Draco's eyes widened, and he opened his mouth, but Harry cut him off.
"I'll not stand in your way." His voice was almost affectionate as he spoke what sounded like words rehearsed. "I'm leaving this world, because as far as I can see, both sides are equally evil. Do as you will. I won't be around to see it."
Draco would have no trouble remembering those words.
"Why?" he blurted. "Aren't you the Gryffindor Golden Boy?"
Harry laughed darkly. "That's what they tell me," he chuckled. "But no. I should've been a Slytherin, if not for the manipulations of an old man."
Draco still didn't understand, but held his tongue. "Fine," he agreed. "I'll send the message on. But where are you going?" Genuine curiosity colored his voice, the animosity of years before gone.
"Anywhere I want," Harry answered, a delighted smile curling across his features. He reached up from the balcony, framing the moon in his hand. "Anywhere I want."
The living room was the 'cabin' of his 'ship', the wide windows making it easy to see where he was going. Realistically, he could plow through a building unscathed, but he didn't really want to.

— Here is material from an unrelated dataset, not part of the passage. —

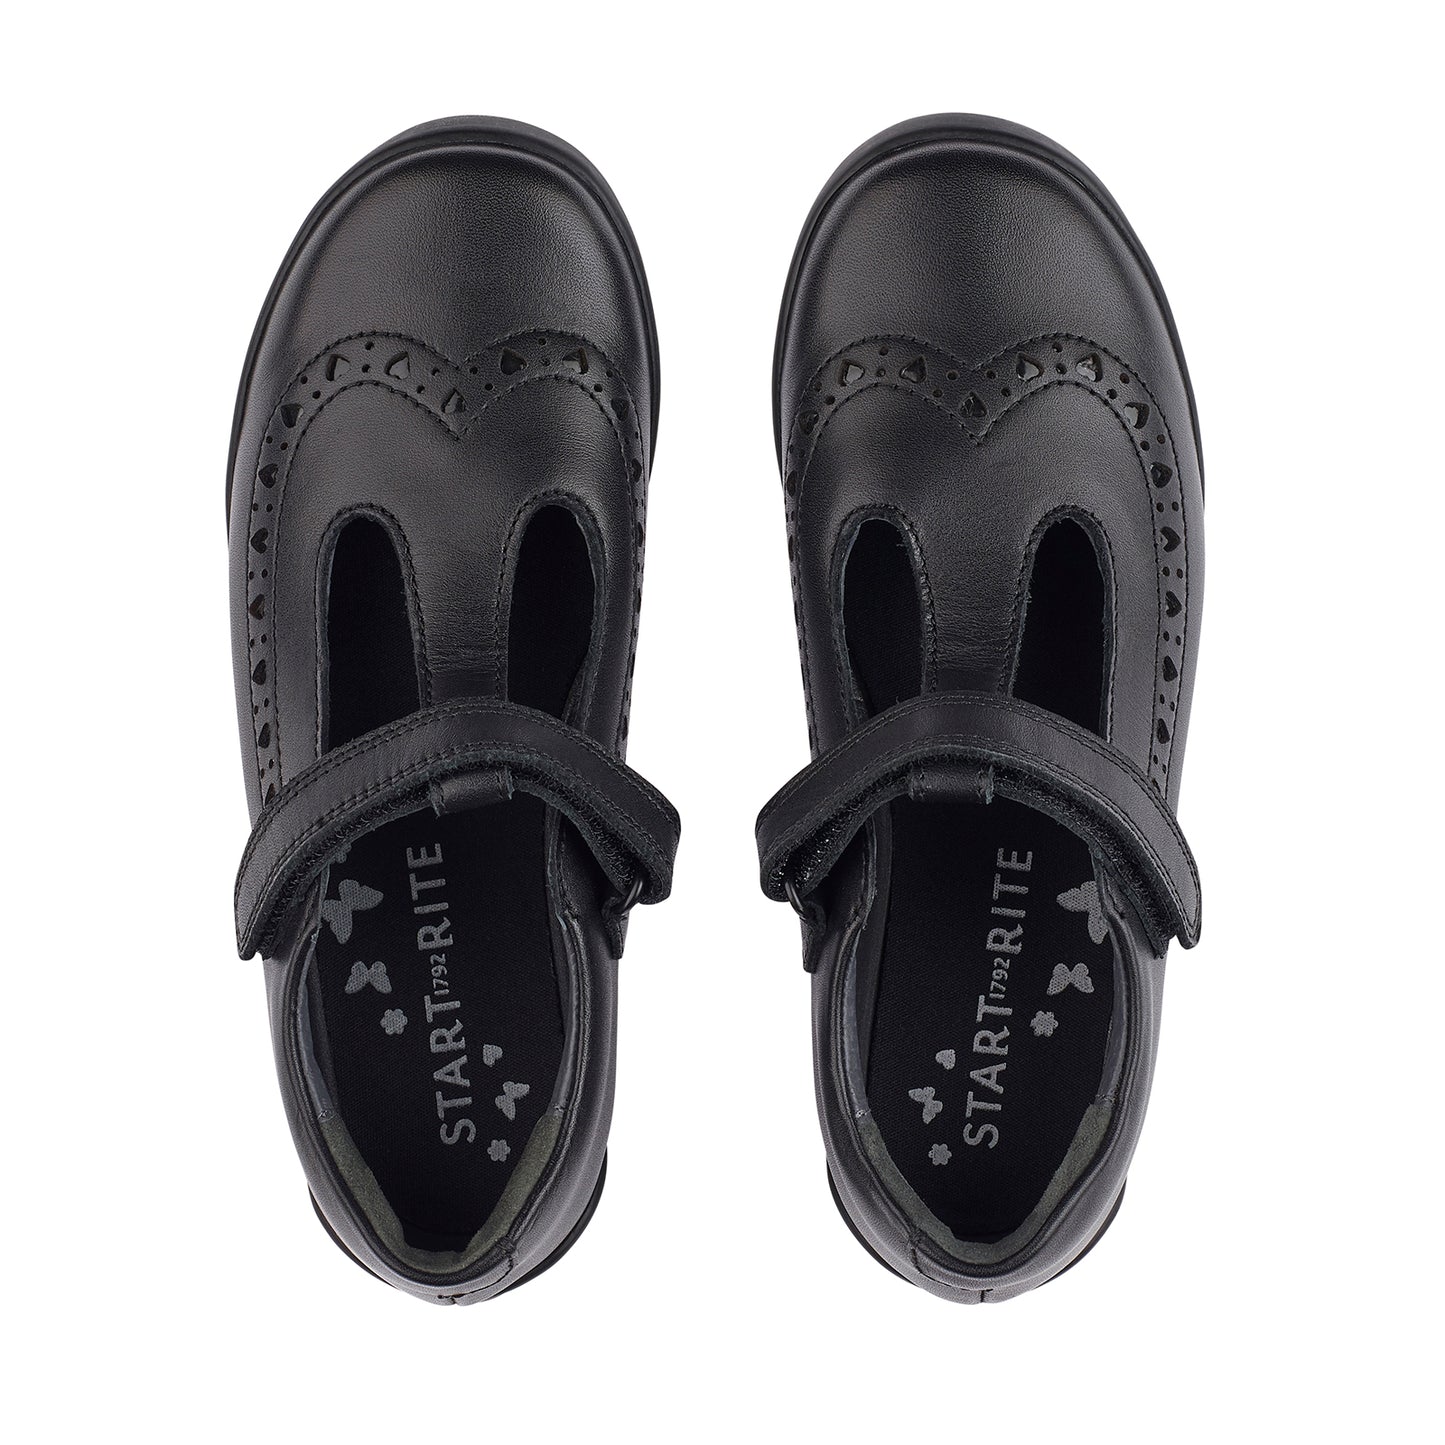 Start-Rite Leapfrog Black Leather School Shoes

In any case, the center of the black, wooden floor stood a steel and glass coffee table that had a circle of stone embedded in the center. There were seven rings in all, each one able to be turned to match up different combinations of the symbols.
Coordinates.
While time was something he could not yet manipulate, space certainly was, even between dimensions where the time would be different than in the one he was in already.

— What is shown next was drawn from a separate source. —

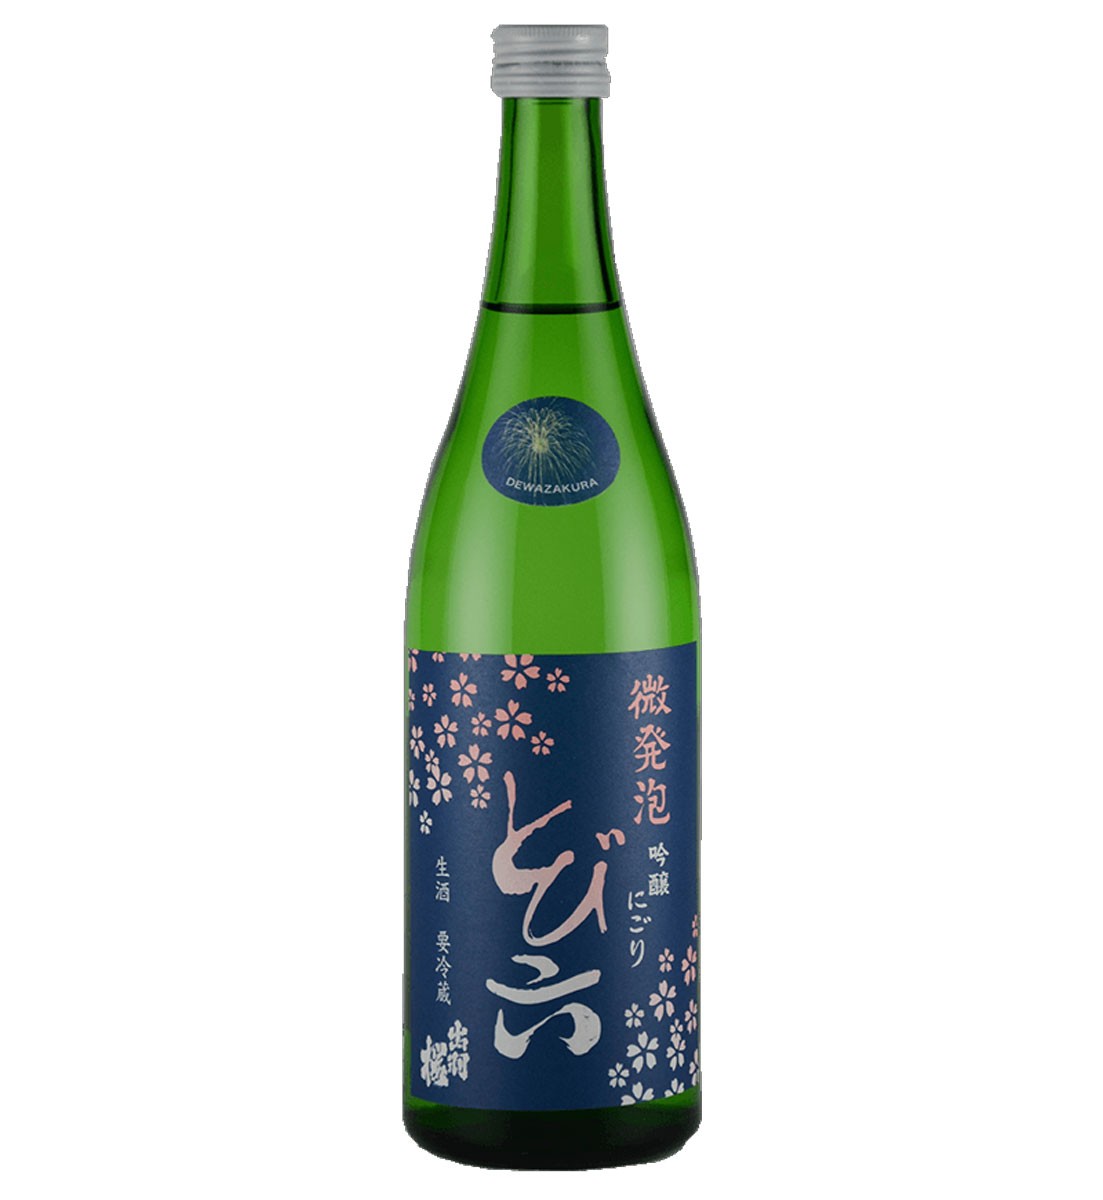 出羽桜 とび六 吟醸 にごり 微発泡 生酒 720mlの商品画像

When at last his supplies were fully stocked, his wealth squirreled away, and his magic recovered from the effort, he sat on the floor of the living room and began to turn the wheels.
Musical chimes of higher and higher pitches sounded as he readied himself, the brightly colored balloons lifting the house up through the canopy of the Forbidden Forest even as he entered the series of runes that had come to him in a dream.
First years down by the lake shrieked in excitement, little Dennis Creevy snapping pictures like nobody's business even as he cheered at the strange spectacle.
With a blaze of technicolor light, he was gone.